* [EXERCISE BRIEF]
Print nothing except the line holding "Karuizawa 1990 Vintage" and the lines that come after it in the material below, and leave the pictures out.

* [THE DATA]
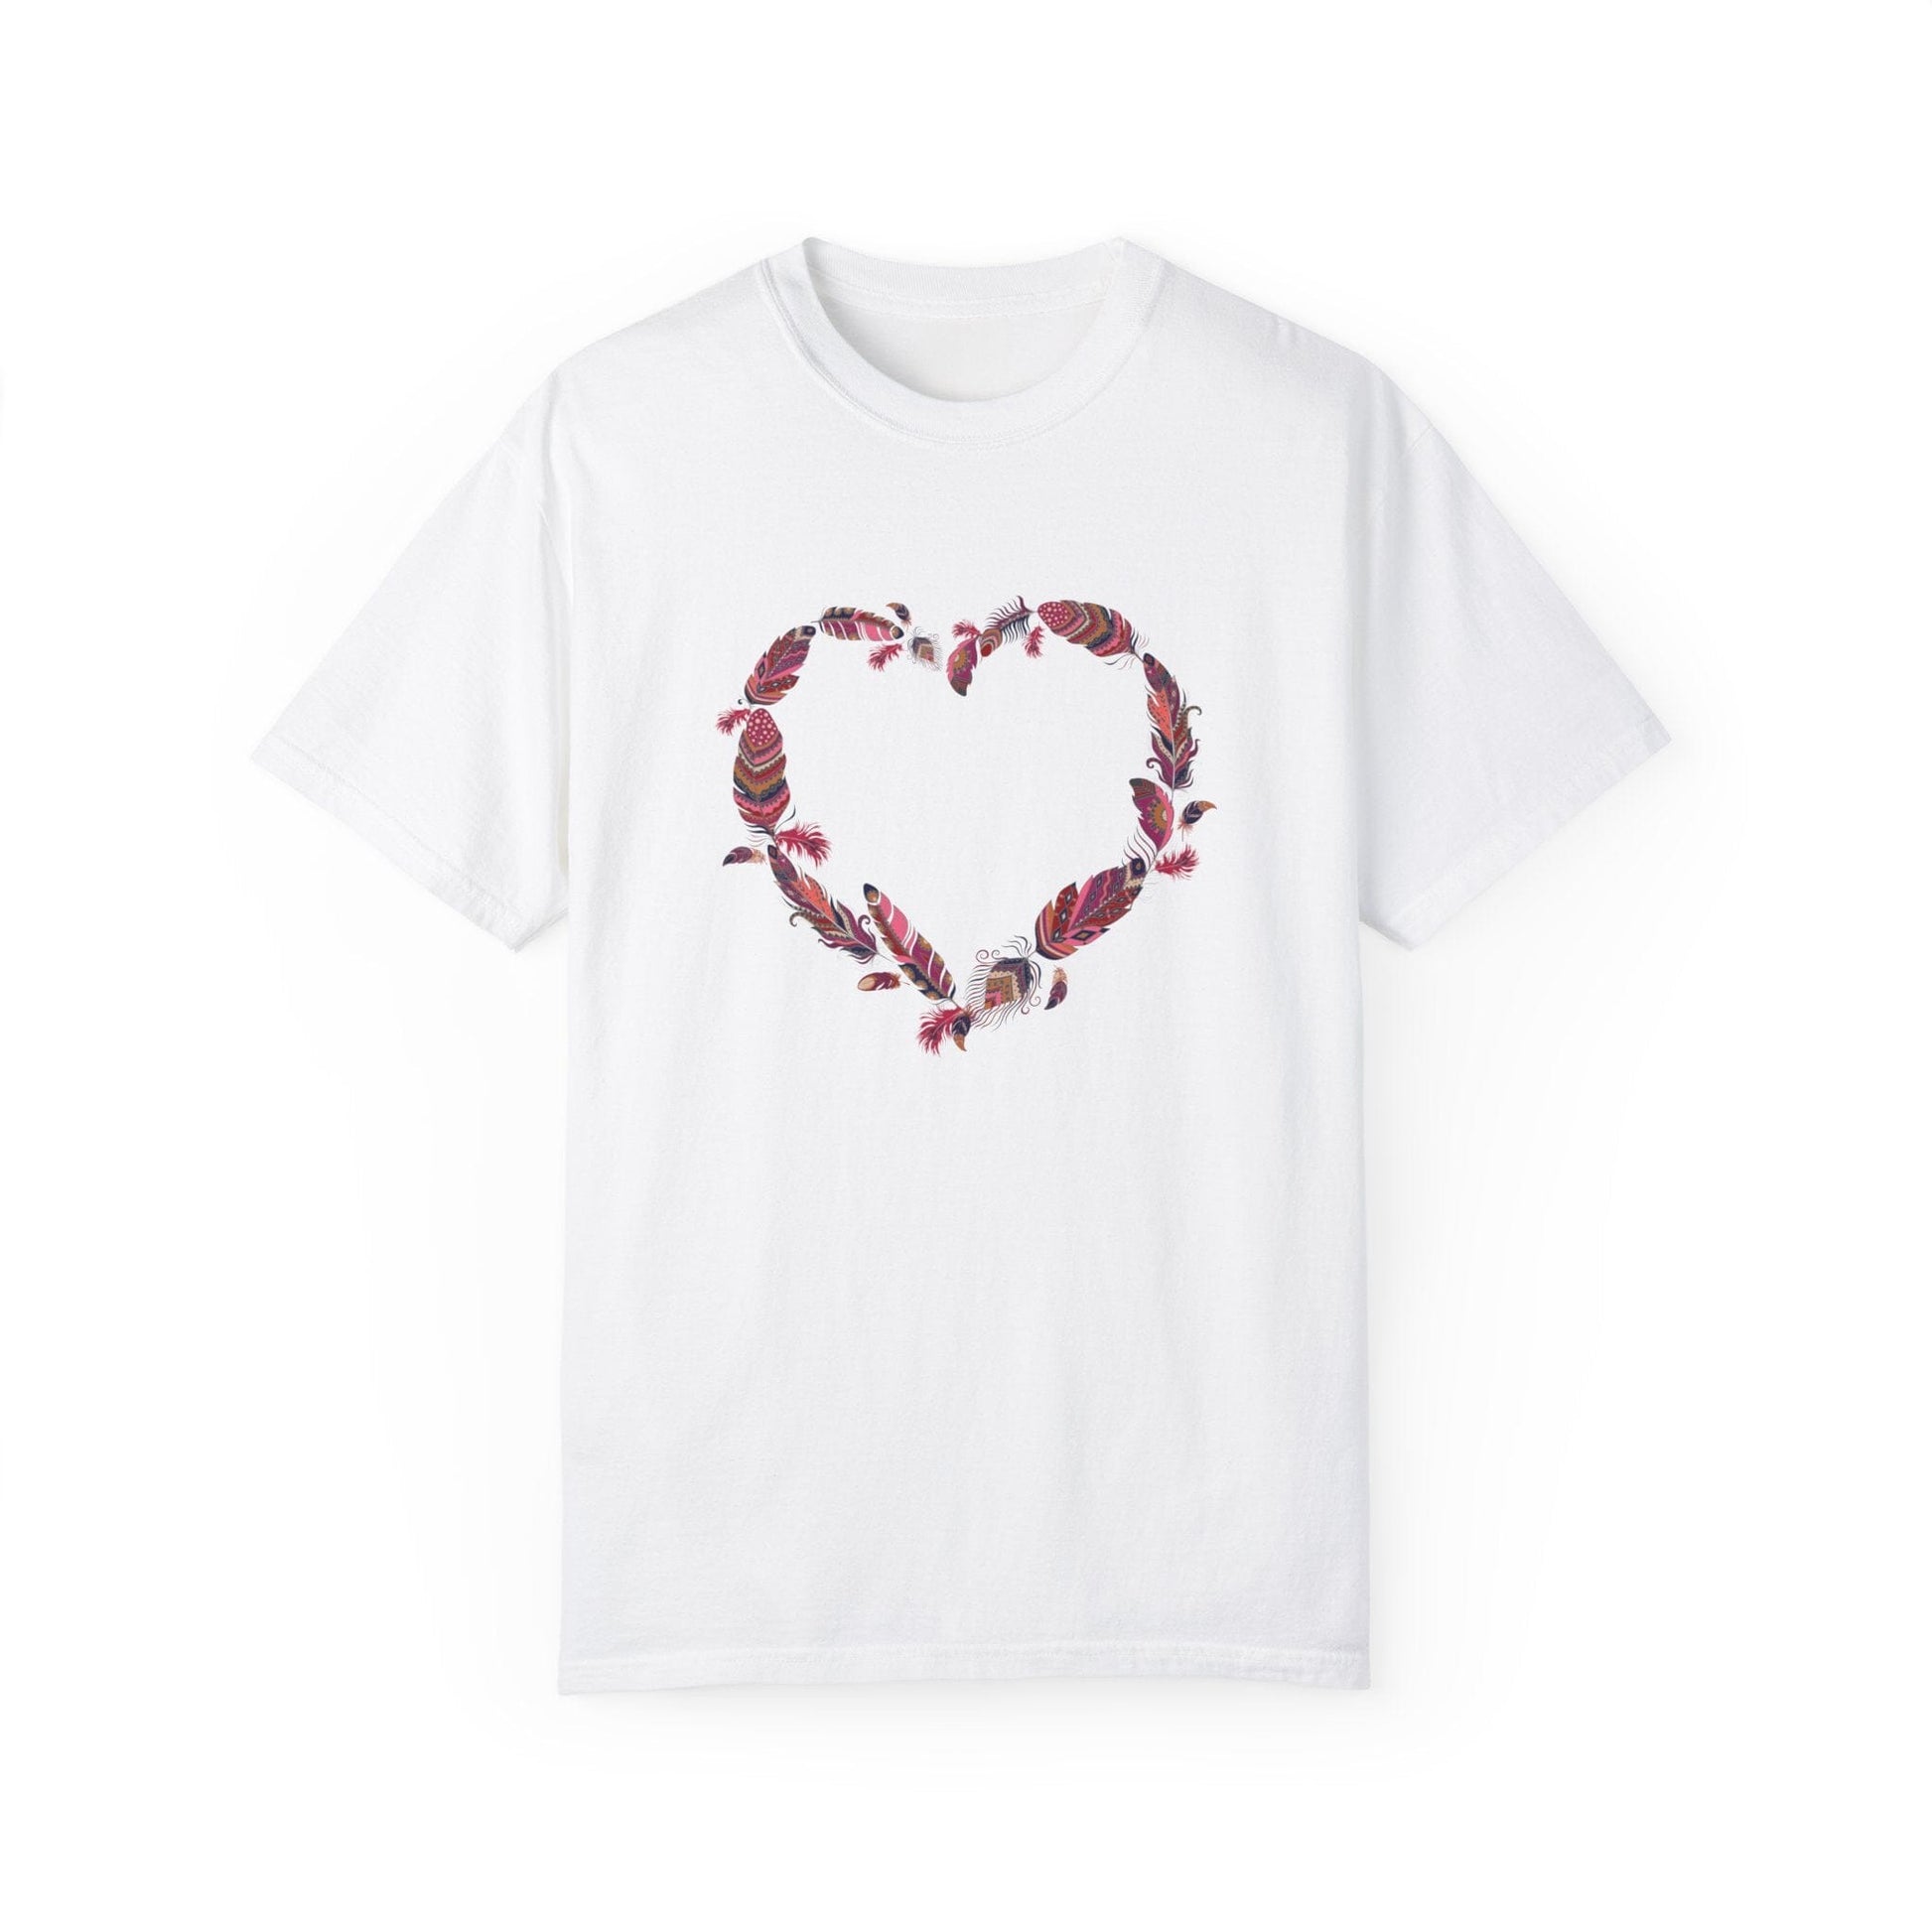 Flowers Tshirt, Boho Feathers Tshirt, Boho Valentine's Day Heart Shirt, Floral Nature Shirt, Art Nouveau Art Deco Shirt, Flowers Lover Graphic Tee T-Shirt Printify White S 
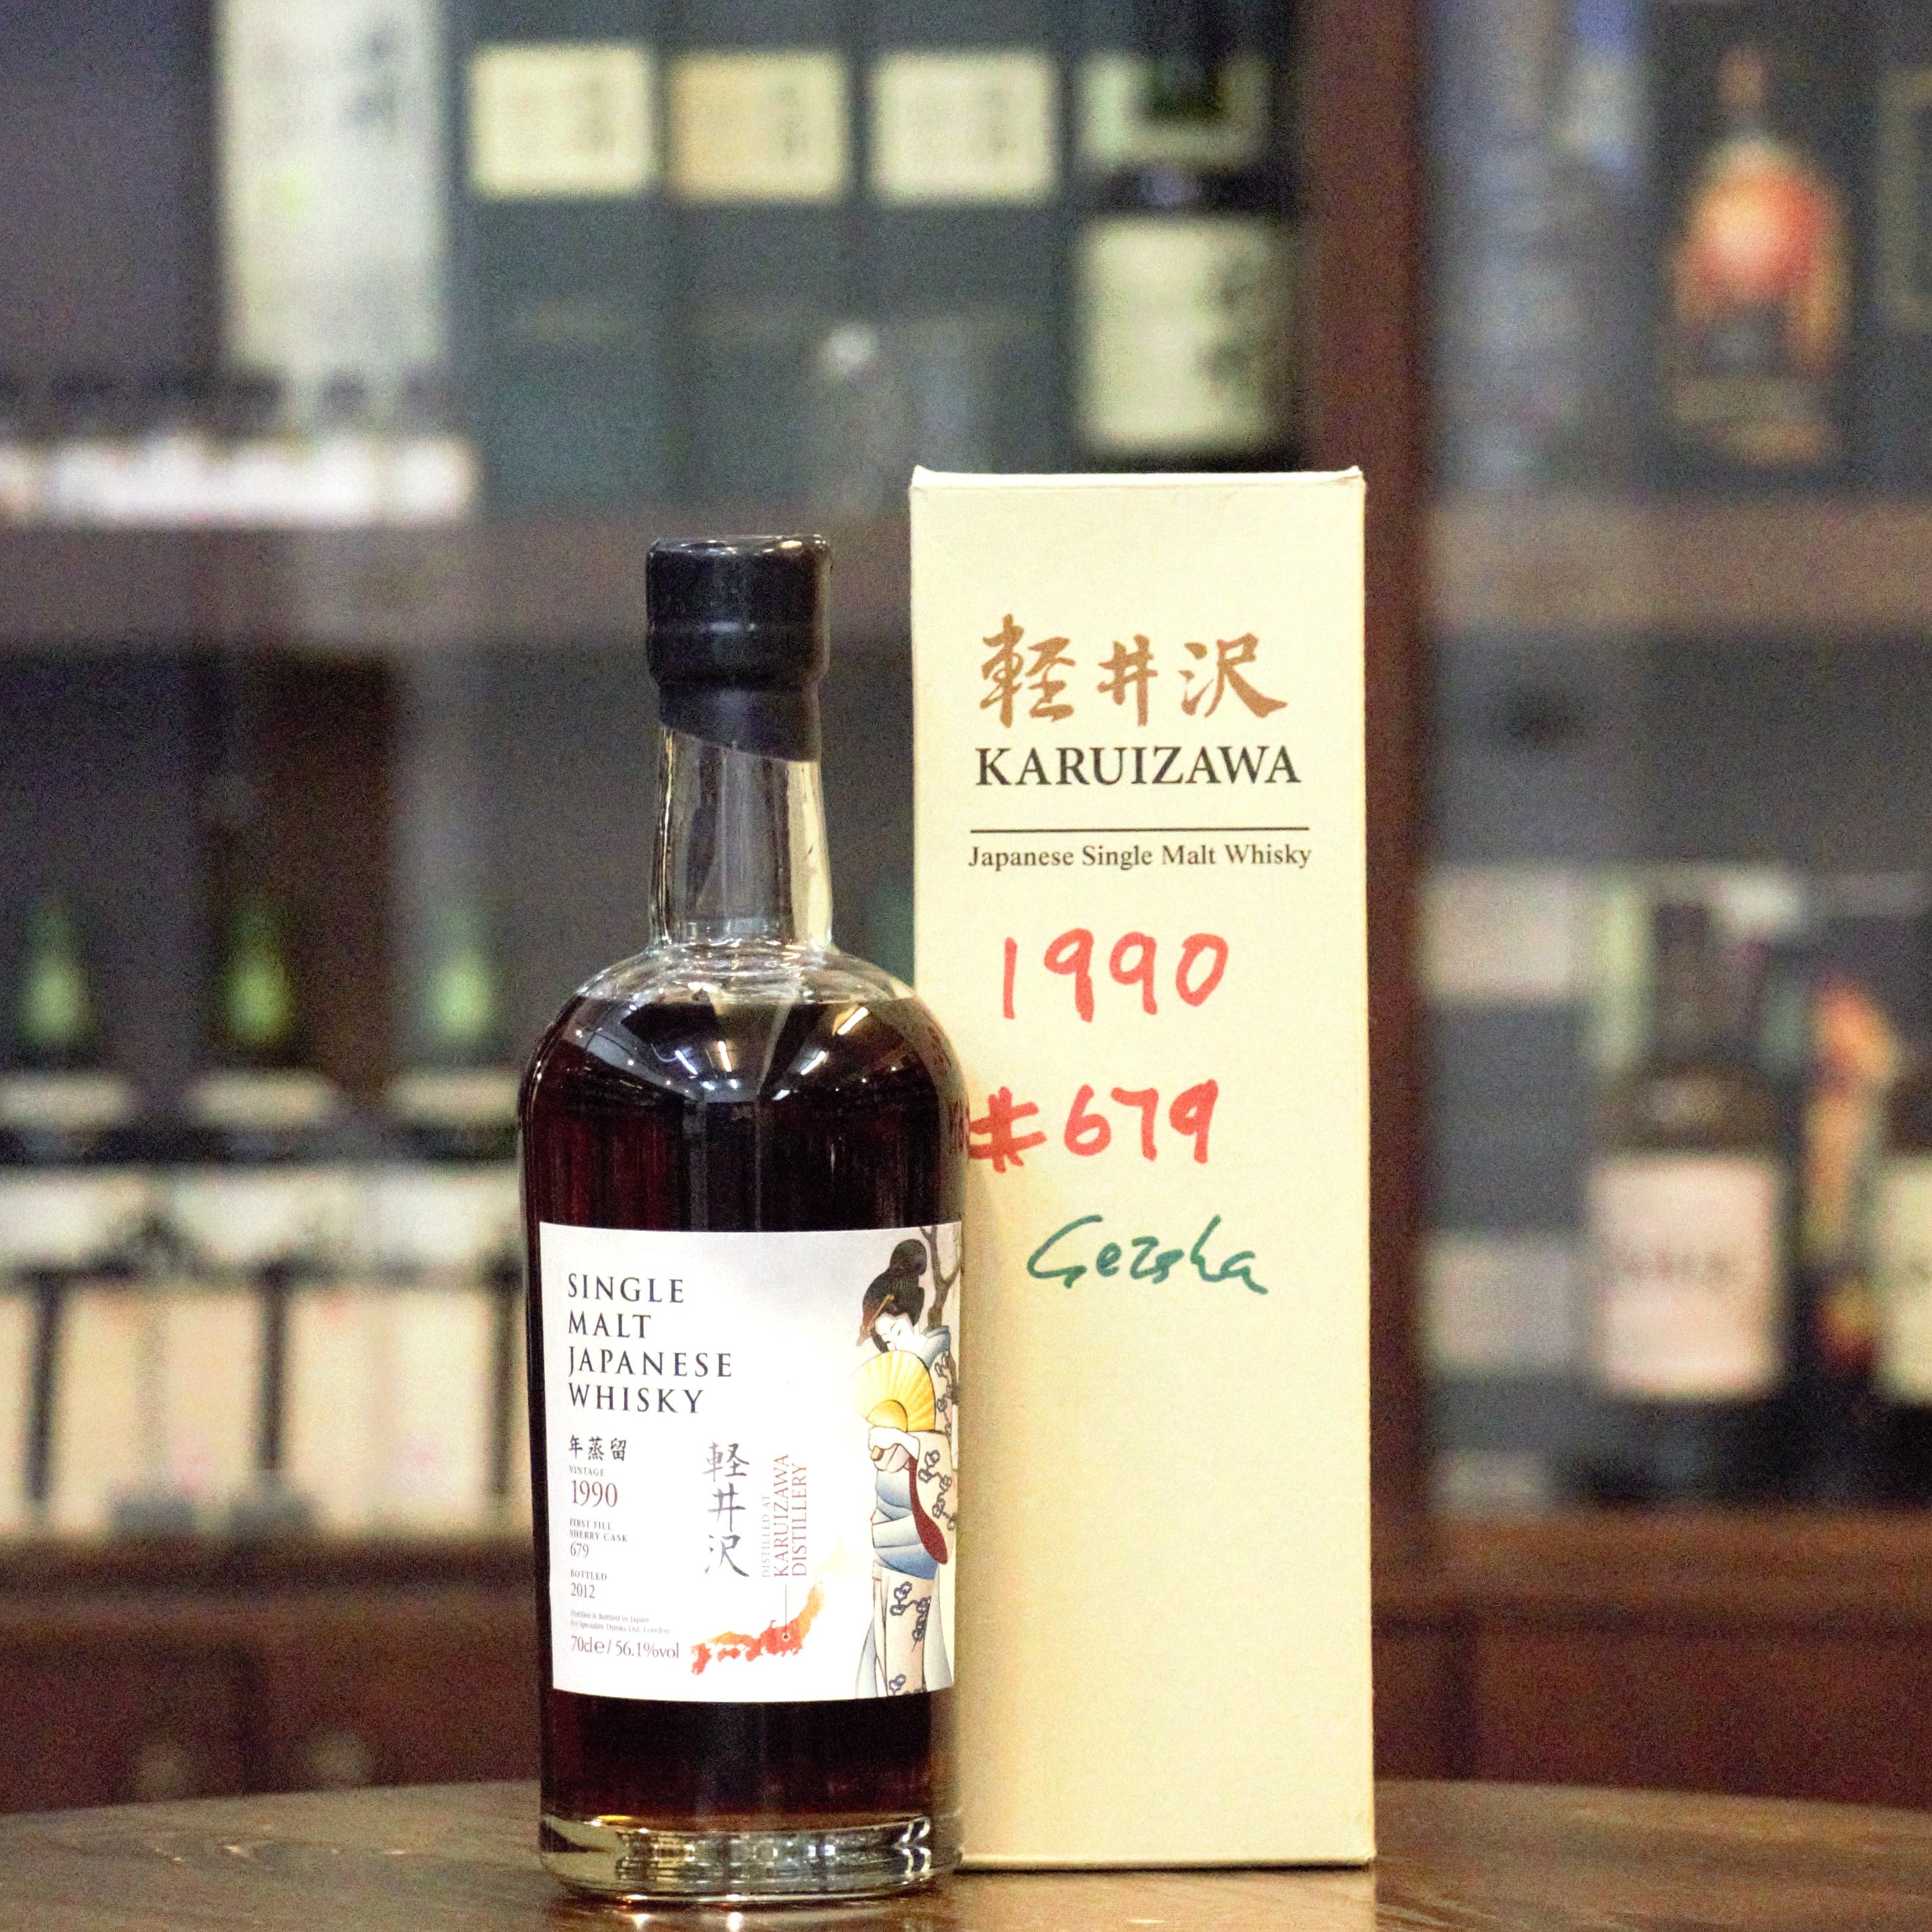 Karuizawa 1990 Vintage "Geisha Label" Single Cask #679 Single Malt Japanese Whisky
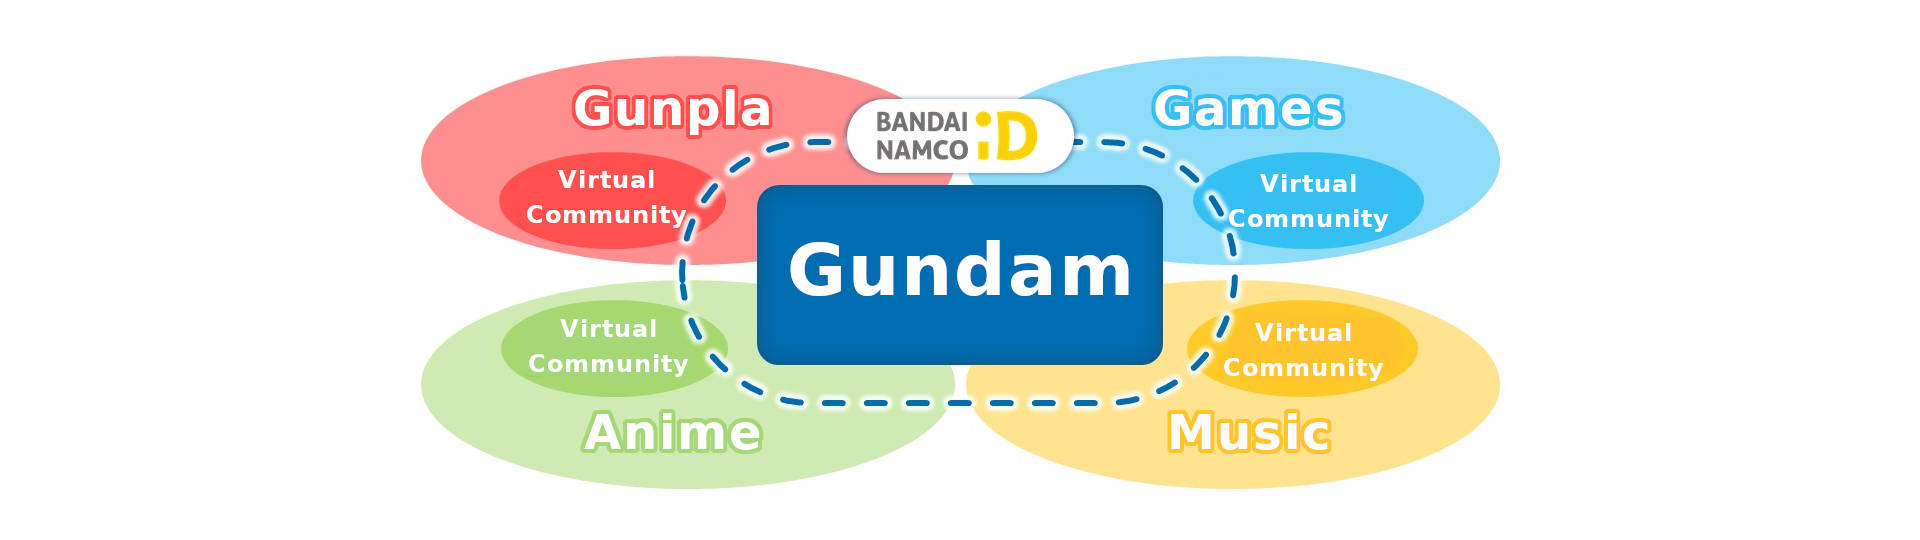 Bandai Namco Gundam Metaverse slice chart b

* [WRITTEN RESPONSE]
 Karuizawa 1990 Vintage "Geisha Label" Single Cask #679 Single Malt Japanese Whisky
 Bandai Namco Gundam Metaverse slice chart b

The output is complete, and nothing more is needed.